— Data below —
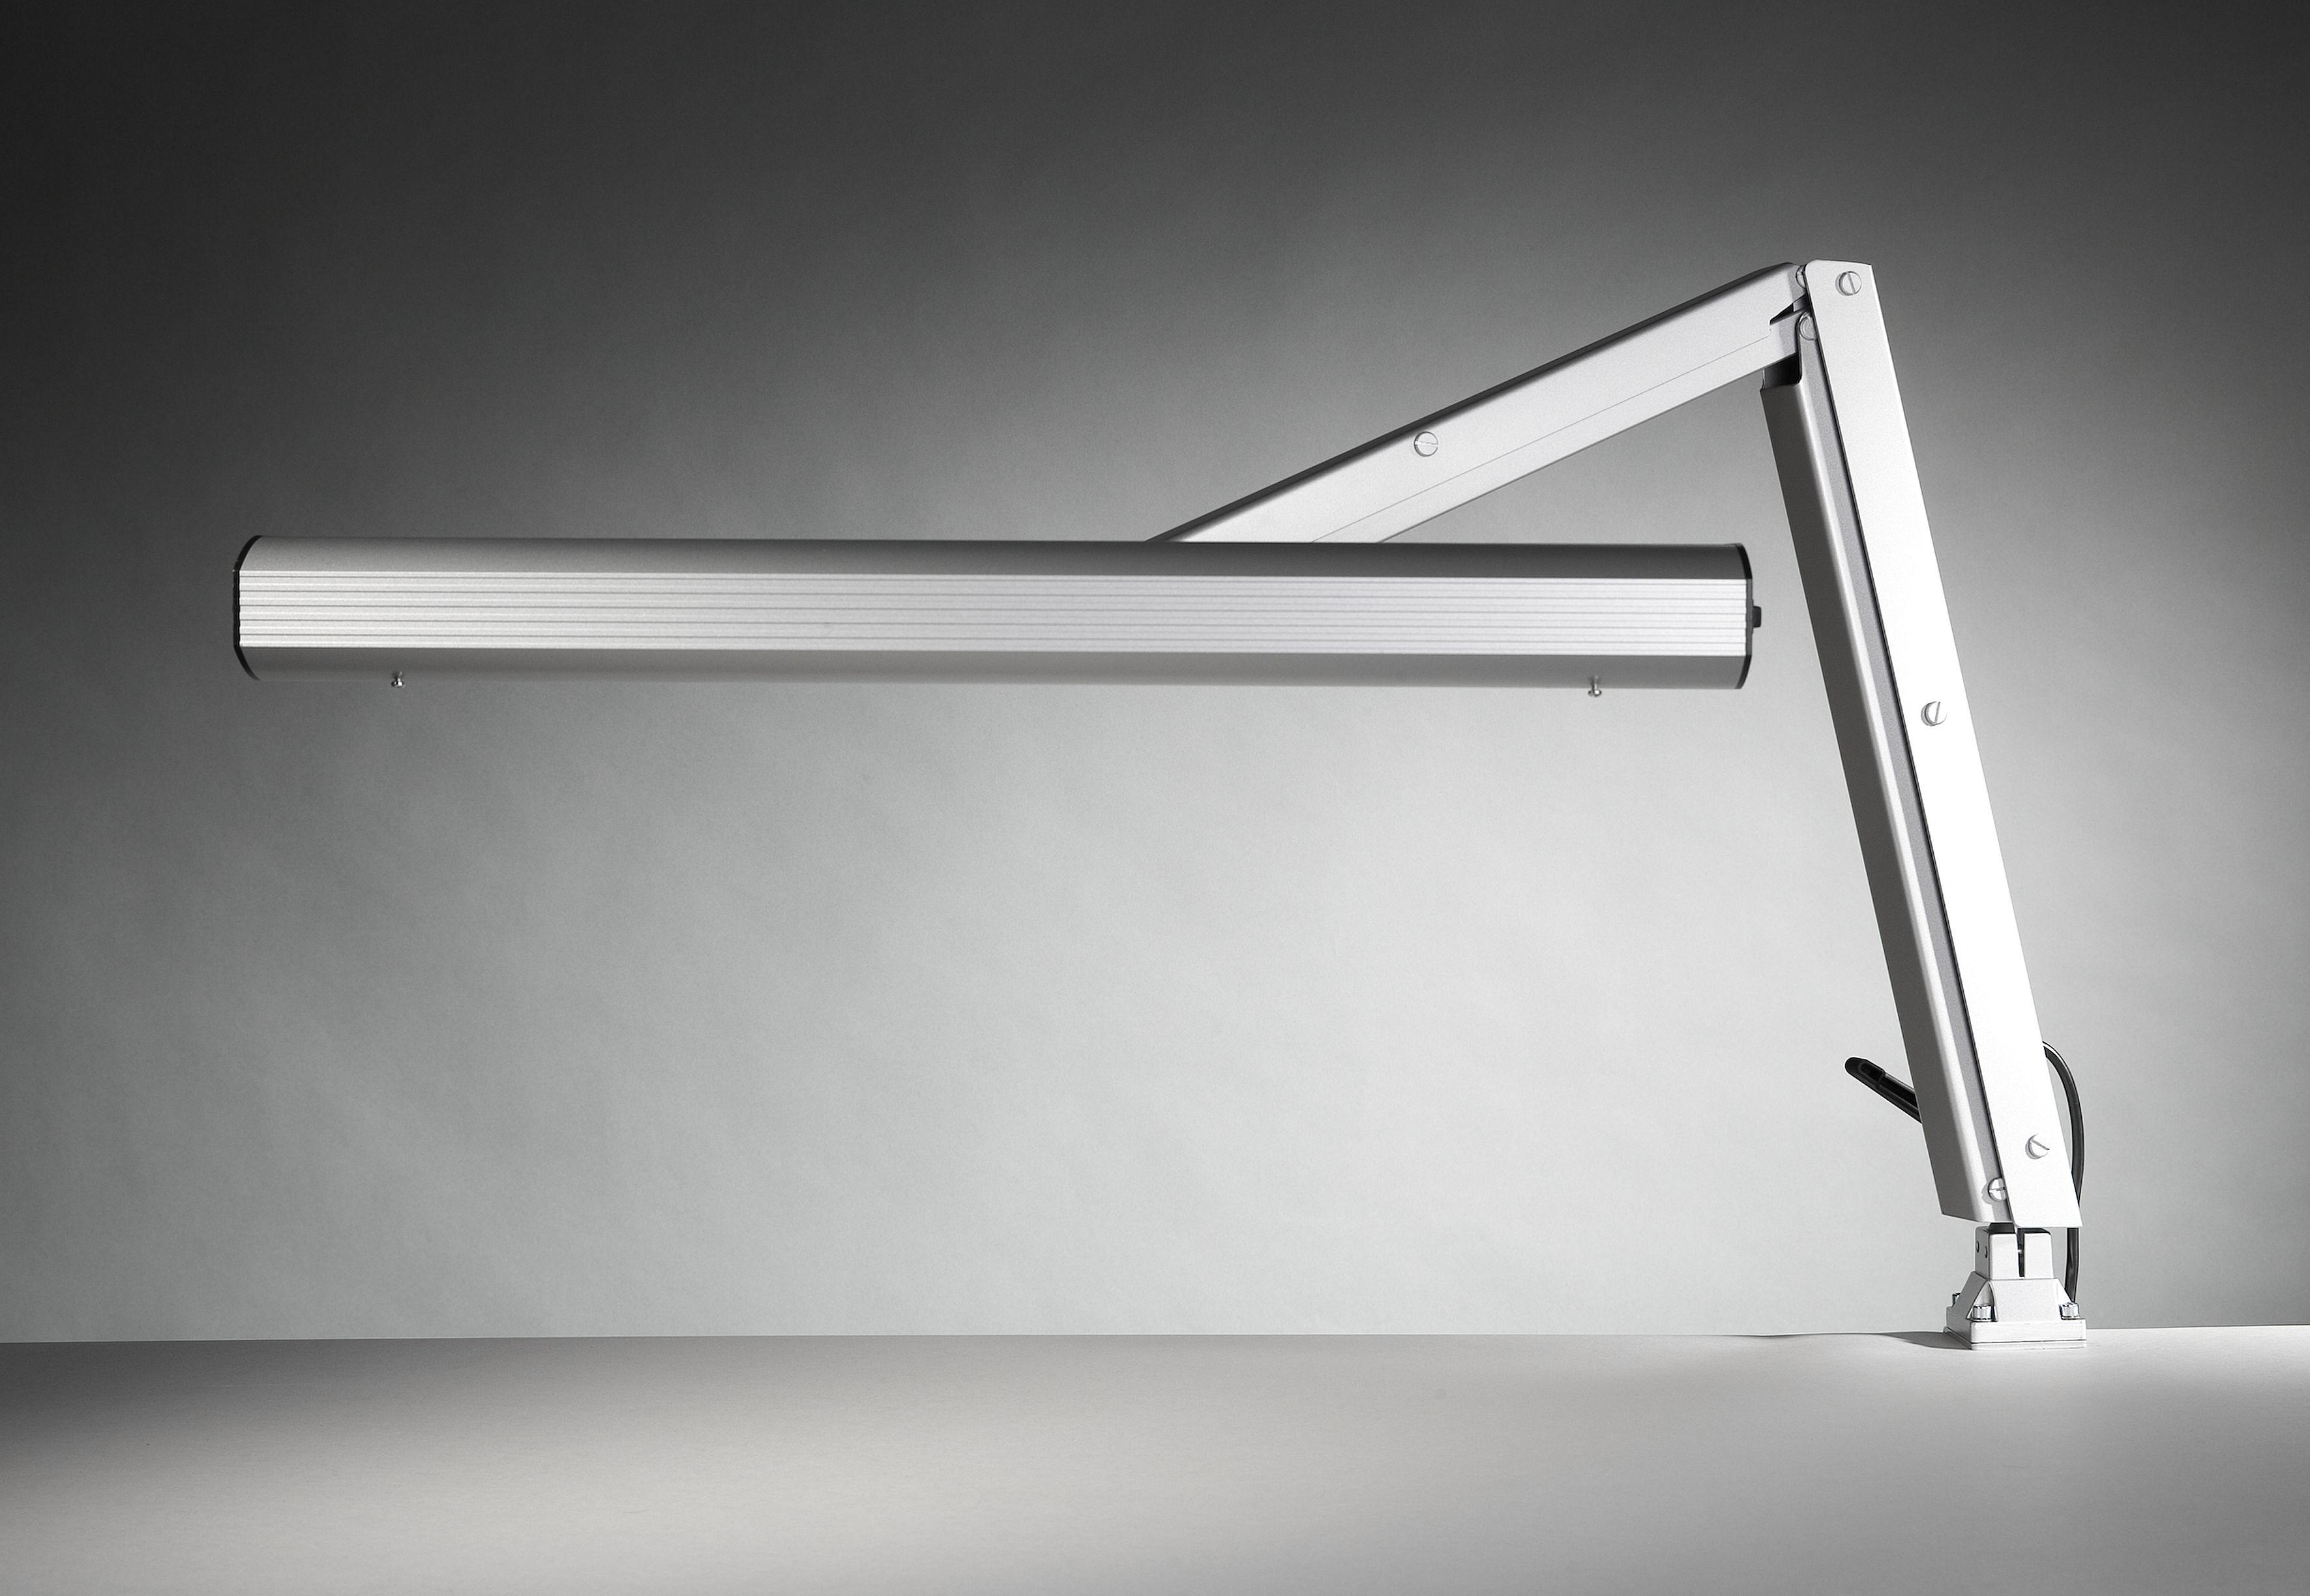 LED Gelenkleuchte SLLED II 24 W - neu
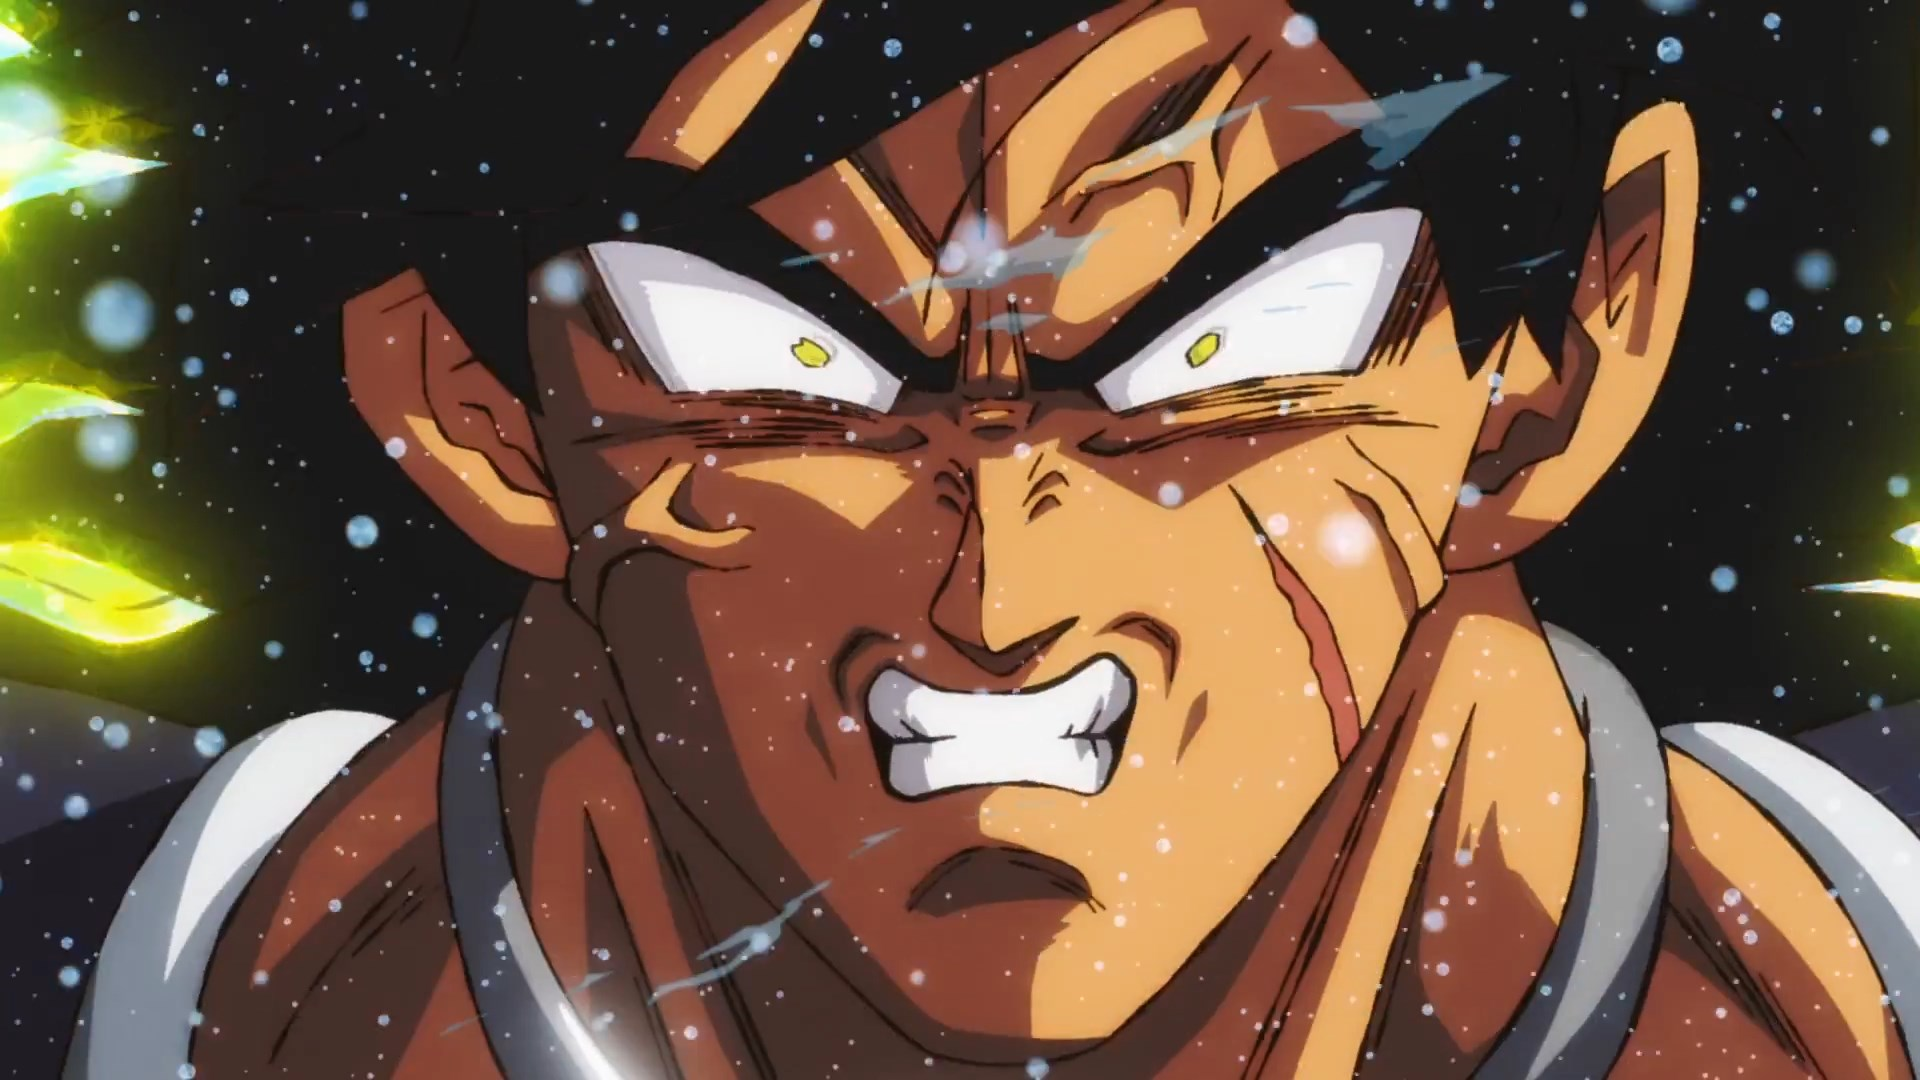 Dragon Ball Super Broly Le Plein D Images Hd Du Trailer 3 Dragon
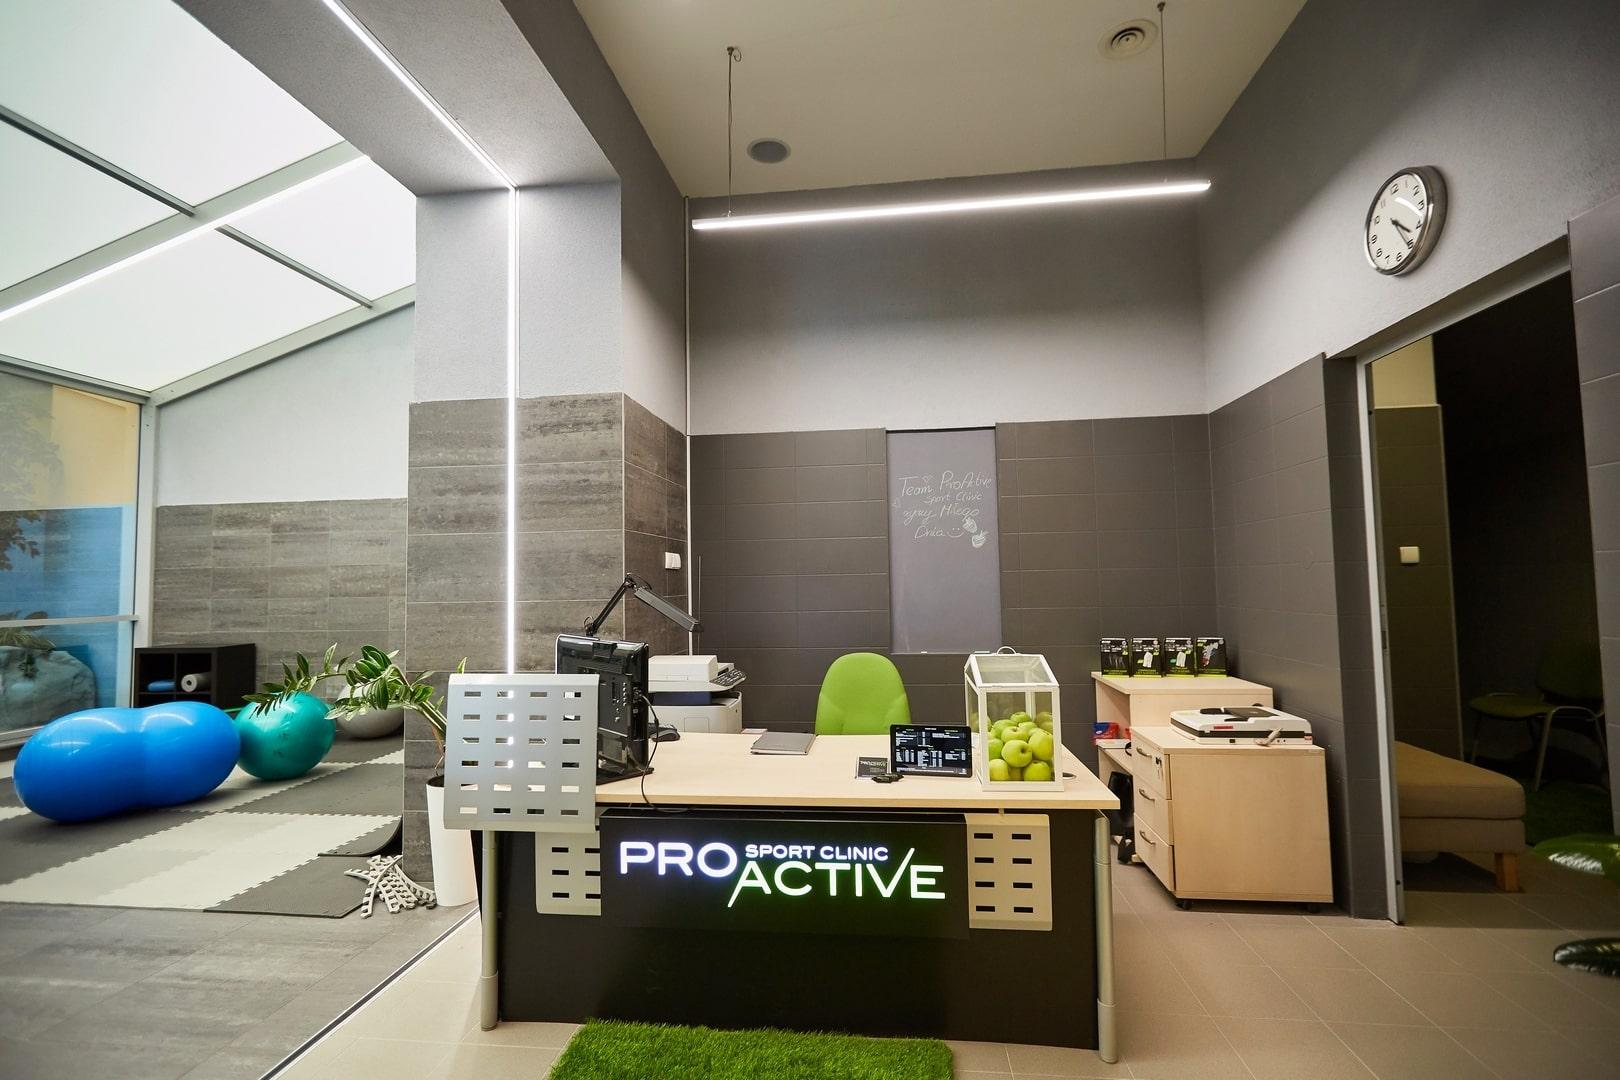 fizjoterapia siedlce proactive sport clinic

— Task details —
Please retype the listing above word for word, skipping each picture.

— Output of the exercise —
 LED Gelenkleuchte SLLED II 24 W - neu
 Dragon Ball Super Broly Le Plein D Images Hd Du Trailer 3 Dragon
 fizjoterapia siedlce proactive sport clinic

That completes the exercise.